Thanks to the sort of world we live in with things in clearly identifiable silos, borderlands and transition zones have lost their attraction. Running means Usain Bolt and Eliud Kipchoge; it is distilled spectacle of performance with all else conspiring to support the act. You don’t have the luxury of controlled ambiance in hiking. To that extent, for some of us, the variables nature throws our way while hiking are distraction from aspiring for peak performance. For such perspective, hiking – like walking – is distinctly less glamorous than running. Yet for those loyal to the slow lane, one truth has been evident for long. You can go to the gym and shock your muscles into shape or as seen in the case of those doing physically strenuous jobs; you can embrace a life of physical toil and be in shape without seeking it, maybe even without knowing it. Similarly you can hike enjoying the solitude and the outdoors and having done it for long, develop a bank of endurance.  But say that in the world of running and you may find your audience peeling off because as I said earlier, we live in a world in which the value of overlapping borderlands is poorly appreciated. Endurance has become firmly identified with running, cycling, swimming, triathlon etc. It takes a story about some elite athlete from Africa and how he / she walked long distance to school as a child, to remind us of the miracles walking can accomplish.

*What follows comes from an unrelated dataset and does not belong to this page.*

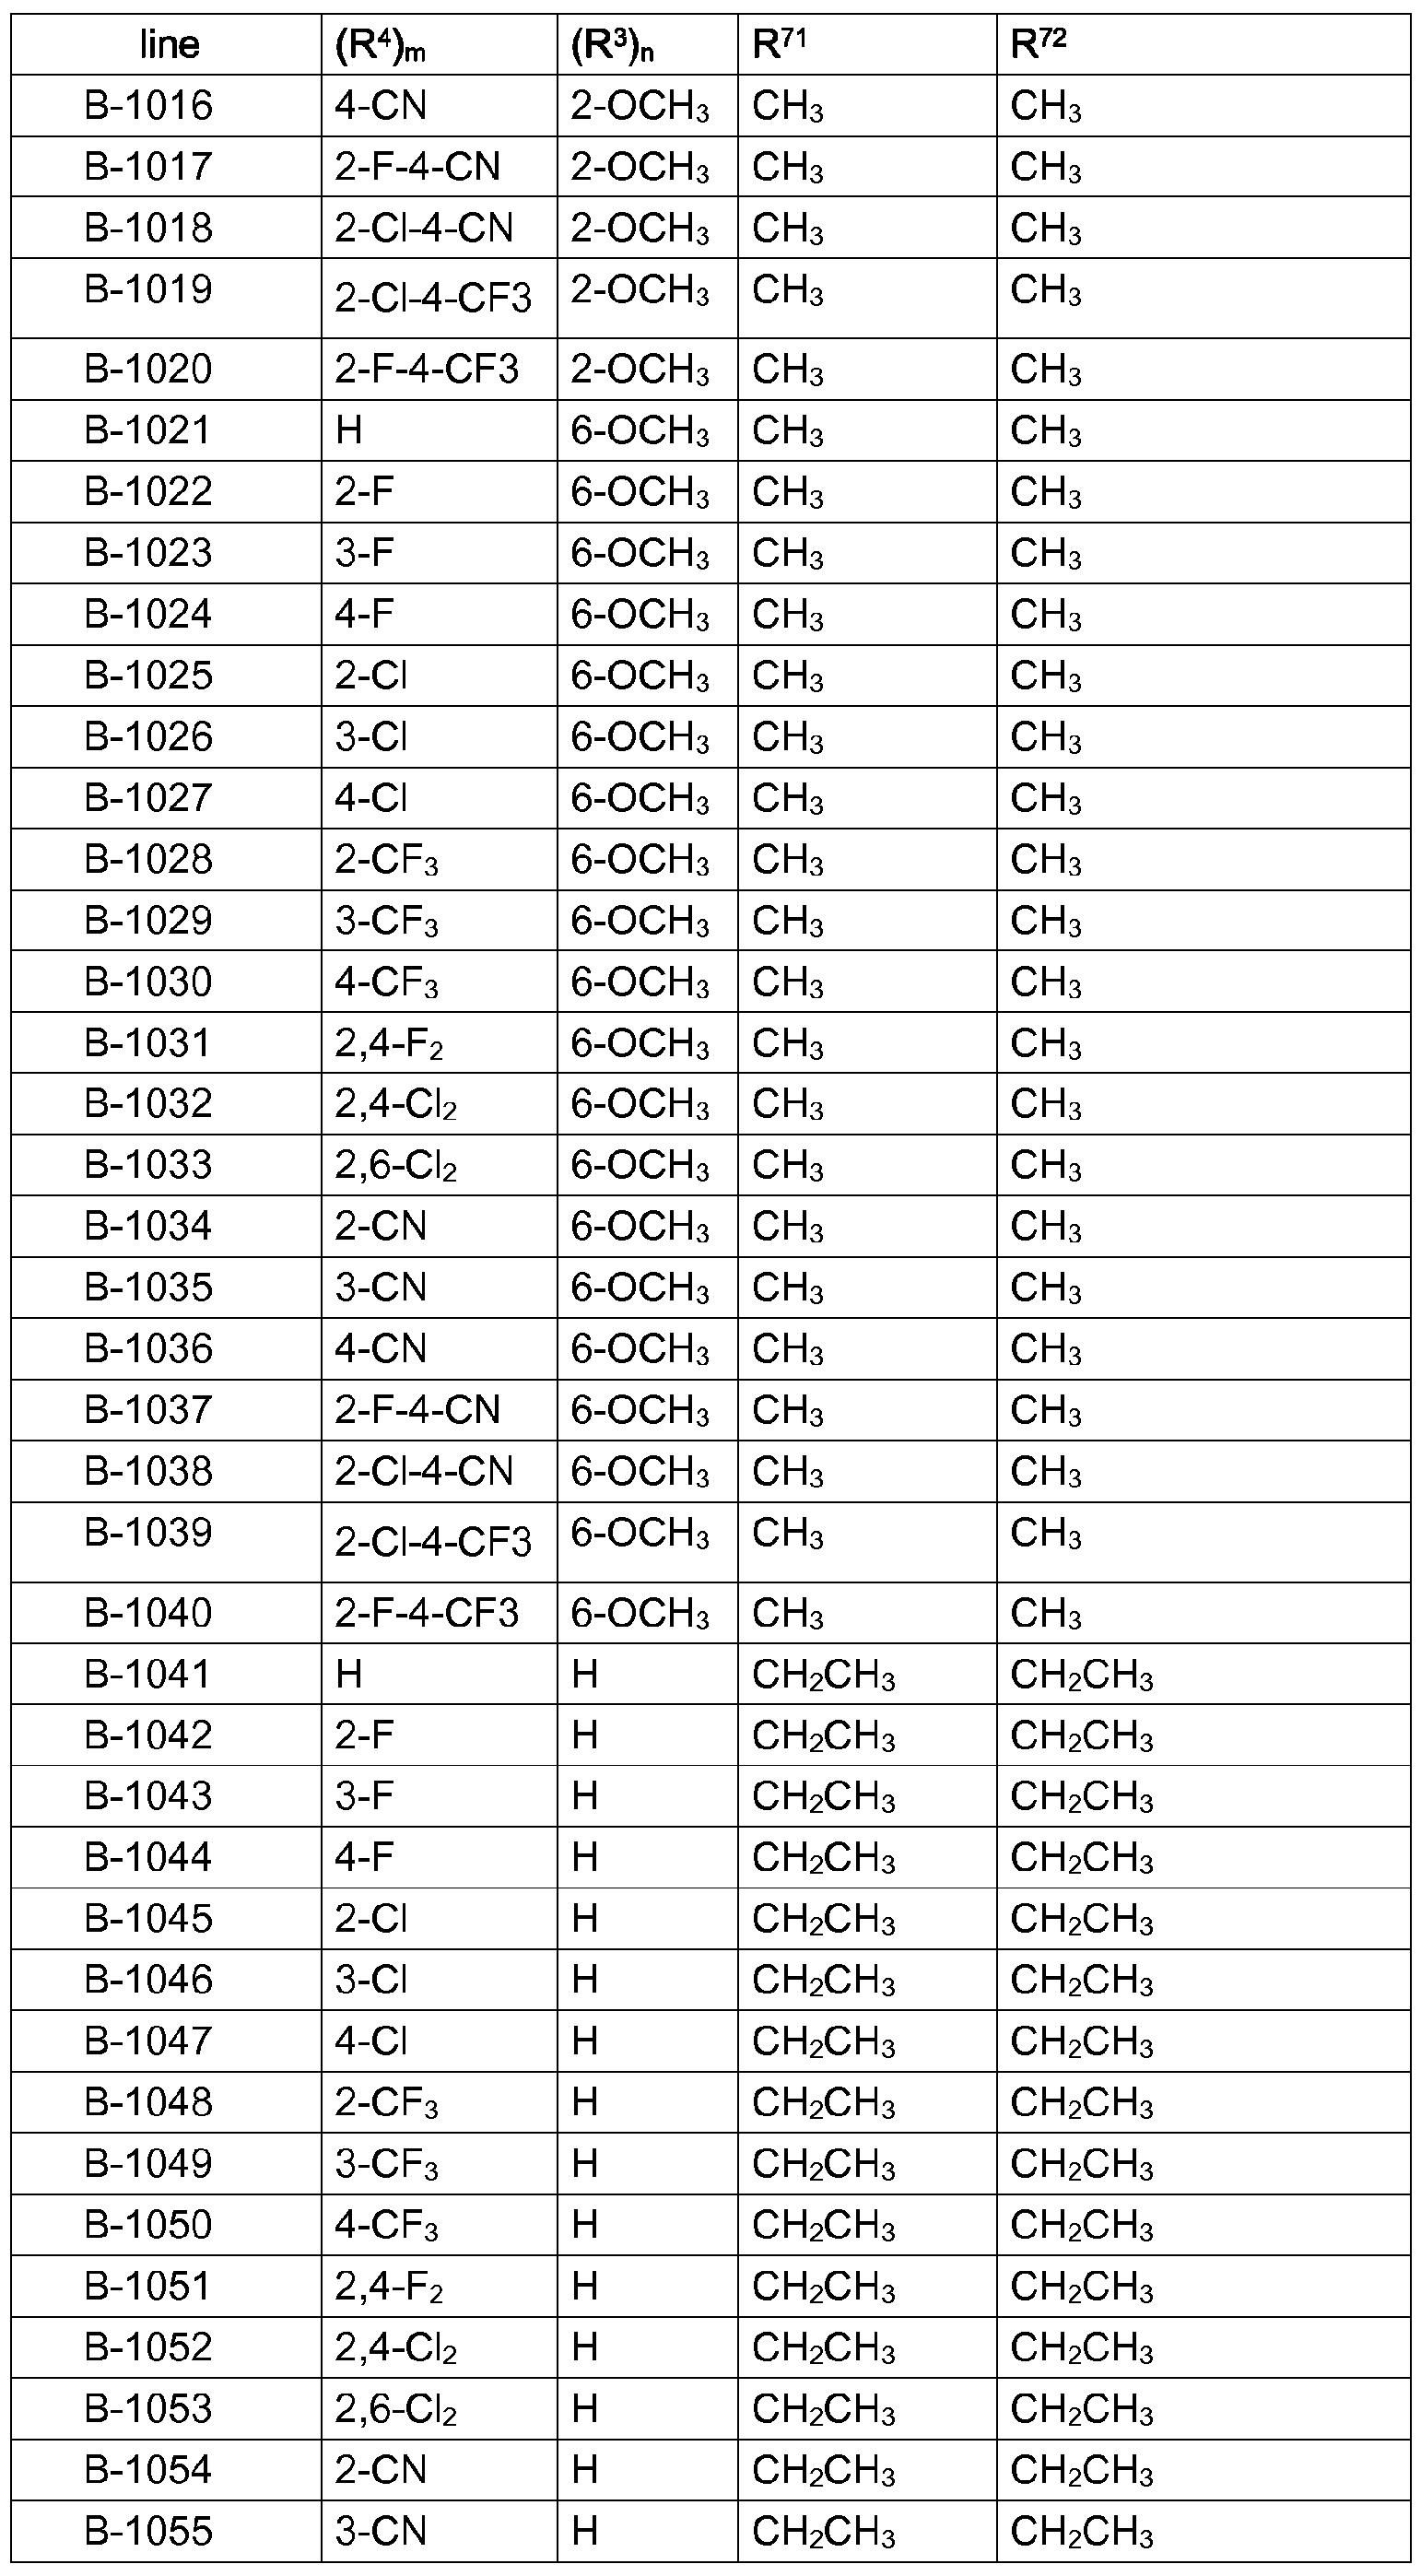 b1035 code nissan maxima

Not to mention – the independence and self-reliance, hiking and the outdoors instills in you.

Pharr Davis is unapologetic of her love for the outdoors and hiking. Born to a family that valued the outdoors, she grew up around camps. Later she lived the active life. According to Wikipedia, she has hiked over 14,000 miles (more than 22,530 kilometers) on six different continents. In 2008, she set the record for the fastest Appalachian Trail hike by a woman – 57 days and eight hours. In 2011, she set the fastest time for both men and women on that trail (mentioned earlier in this review); the record was broken in 2015 by the well-known ultramarathon runner, Scott Jurek who covered the distance faster by three hours and 12 minutes. Juxtapose that improvement in timing on Pharr Davis popularly described as a long distance hiker and Jurek as an ultramarathon runner; it tells us something of the endurance levels of both. It tells us something of what hiking can be. You can’t help but commit some of Pharr Davis’s observations in the book, to memory: Hiking is not escapism; it’s realism. The people who choose to spend time outdoors are not running away from anything; we are returning to where we belong. And: I felt I was also tapping into something primal that said I am beautiful because I endure.

I found this book on the shelves of Modern Book Centre, that wonderful bookshop in Thiruvananthapuram, Kerala. Anoop, who oversees the shop, remembered my taste in reading and pointed it out to me. It is a great book to have and lovely antidote for sport in present times lost to measuring and achieving. Its narrative has the quality of an embrace; just what you wish for from nature when you veer off human hive and step on to the trail. It makes endurance, relevant.

(The author, Shyam G Menon, is a freelance journalist based in Mumbai.)